DPRD Lampung Perkuat Sinergi Pendidikan, Yanuar Irawan Hadiri Pengukuhan Dewan Pendidikan 2025–2030

5

BANDAR LAMPUNG, BERITAANDA – Ketua Komisi V DPRD Provinsi Lampung, H. Yanuar Irawan, menghadiri pengukuhan Dewan Pendidikan Provinsi Lampung masa bakti 2025–2030 yang digelar di Aula Dinas Pendidikan dan Kebudayaan Provinsi Lampung, Senin (13/4/2026).

Kegiatan tersebut turut dihadiri Gubernur Lampung Rahmat Mirzani Djausal, unsur Forkopimda, serta para pemangku kepentingan di bidang pendidikan. Kehadiran DPRD Provinsi Lampung menjadi bentuk dukungan nyata terhadap penguatan peran Dewan Pendidikan sebagai mitra strategis pemerintah daerah dalam meningkatkan kualitas pendidikan di Provinsi Lampung.

DPRD menilai Dewan Pendidikan memiliki posisi penting dalam memberikan masukan, pertimbangan, hingga pengawasan terhadap arah kebijakan pendidikan agar lebih terarah, inklusif, dan sesuai dengan kebutuhan masyarakat.

Dalam pengukuhan tersebut, Prof. Syafrimen ditetapkan sebagai Ketua Dewan Pendidikan Provinsi Lampung, didampingi Asad sebagai Wakil Ketua dan Gino sebagai Sekretaris, bersama jajaran anggota dari berbagai latar belakang profesional.

Gubernur Lampung, Rahmat Mirzani Djausal, menegaskan komitmennya terhadap masa depan pendidikan di Lampung. Ia menitipkan harapan besar kepada kepengurusan Dewan Pendidikan yang baru.

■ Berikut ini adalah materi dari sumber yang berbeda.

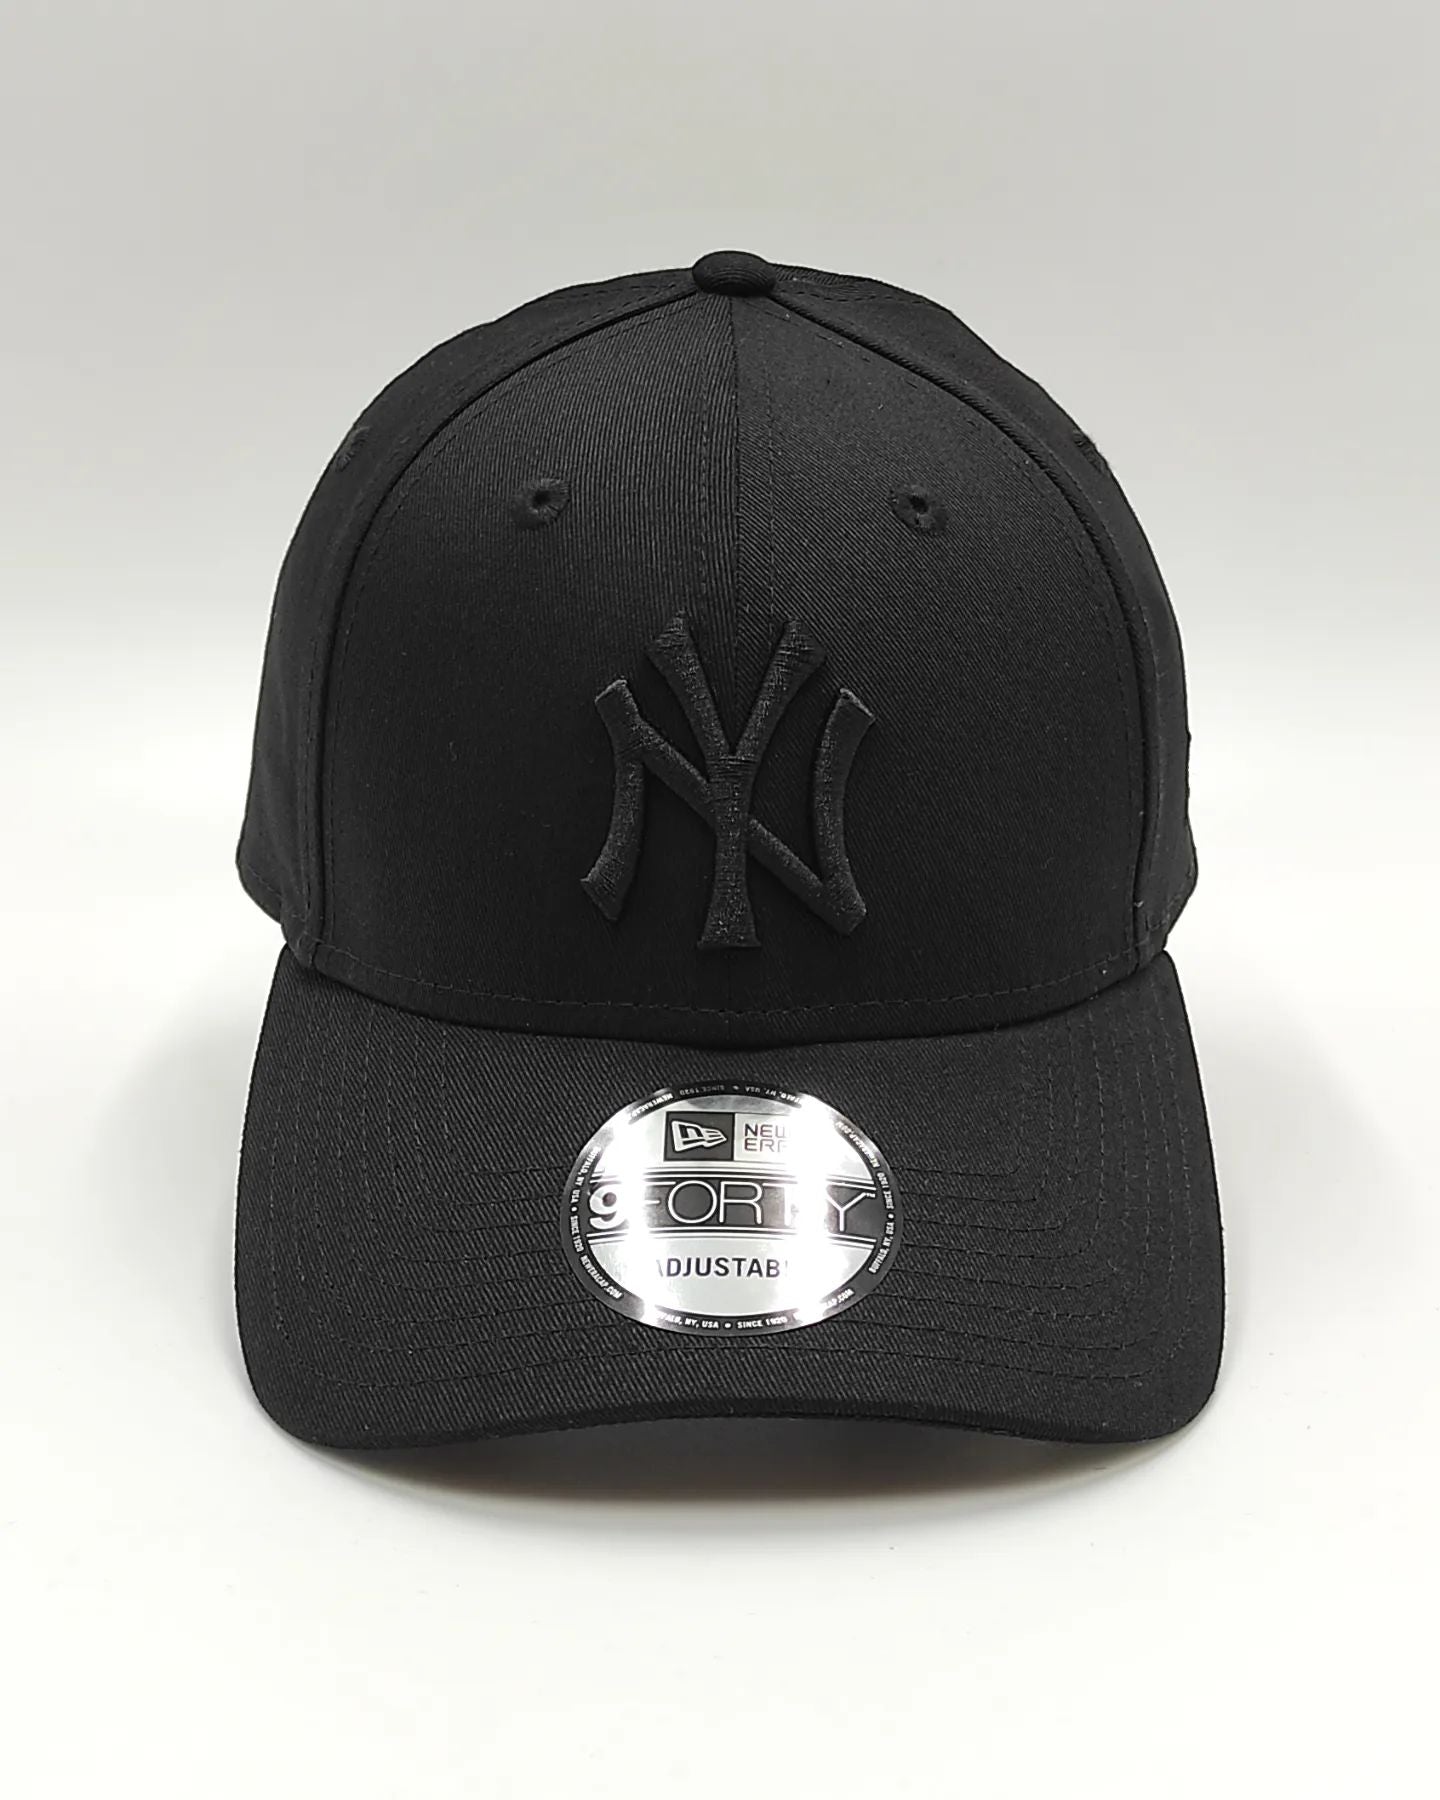 New Era New York Yankees Black & black 9forty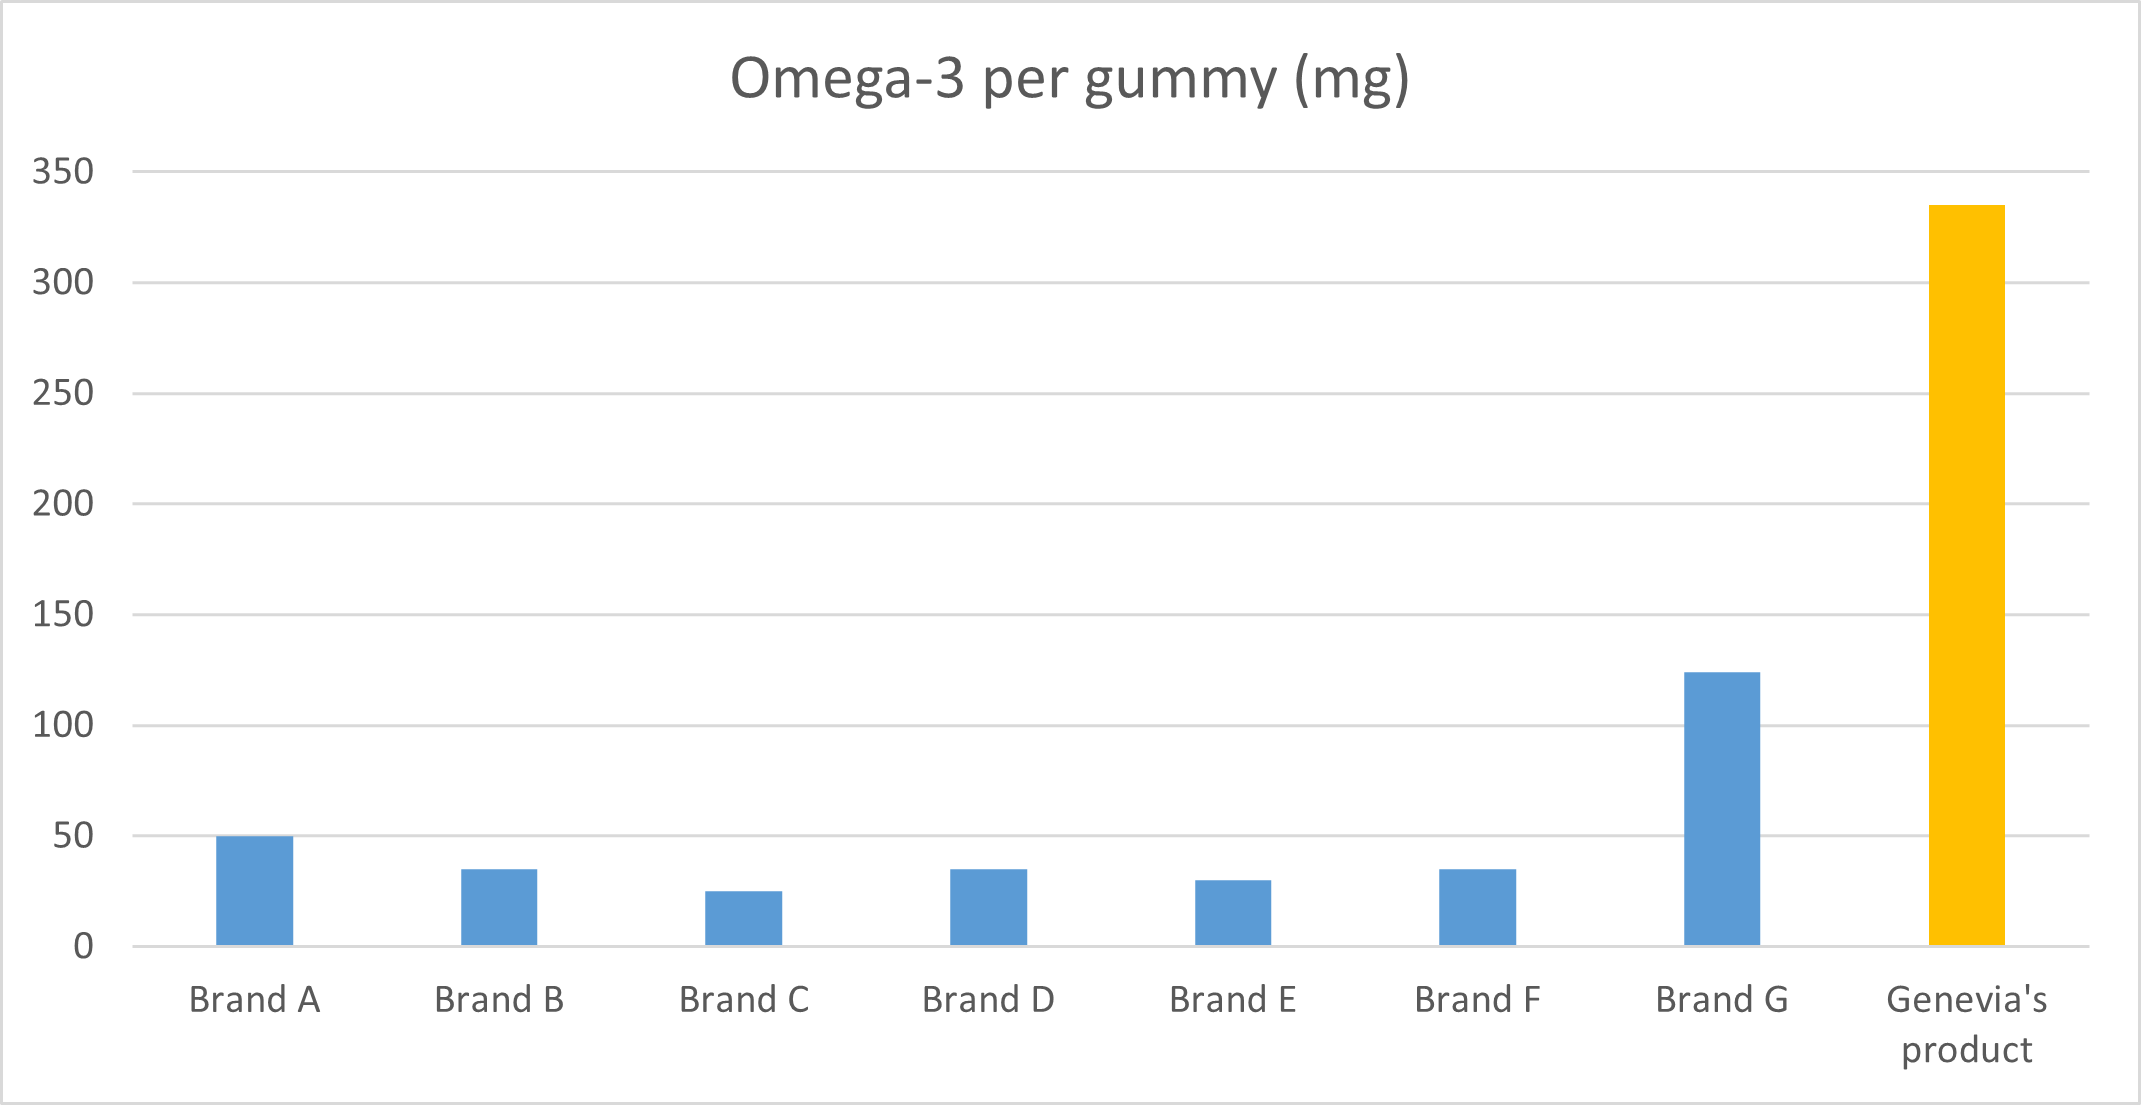 Figure 2: Omega-3 content of kids’ omega-3 multivitamins per gummy/chew

“Saya menitipkan anak-anak kita, masa depan pendidikan, dan masa depan Lampung. Saya mengajak Dewan Pendidikan Provinsi Lampung menjadi mitra strategis dalam membangun pendidikan yang berkualitas, guna mewujudkan mimpi anak-anak Lampung serta masa depan daerah,” ujarnya.

Menurut Gubernur, berbagai persoalan pendidikan harus diselesaikan secara kolaboratif dengan melibatkan pemerintah, masyarakat, akademisi, hingga dunia usaha.

Ia menegaskan, fokus pembangunan pendidikan ke depan meliputi peningkatan kualitas guru dan sistem pendidikan, penguatan keterhubungan dengan dunia kerja, pemerataan akses pendidikan hingga ke pelosok, serta memastikan tidak ada anak di Lampung yang putus sekolah.

Sementara itu, Ketua Komisi V DPRD Provinsi Lampung, H. Yanuar Irawan, menilai sejumlah kebijakan Pemerintah Provinsi Lampung seperti penghapusan komite sekolah pada jenjang SMA negeri dan program pendidikan gratis merupakan langkah strategis yang perlu terus dikawal agar tepat sasaran dan berkelanjutan. Menurutnya, upaya pembebasan puluhan ribu ijazah yang sebelumnya tertahan akibat tunggakan biaya pendidikan juga menjadi bukti nyata keberpihakan pemerintah kepada masyarakat.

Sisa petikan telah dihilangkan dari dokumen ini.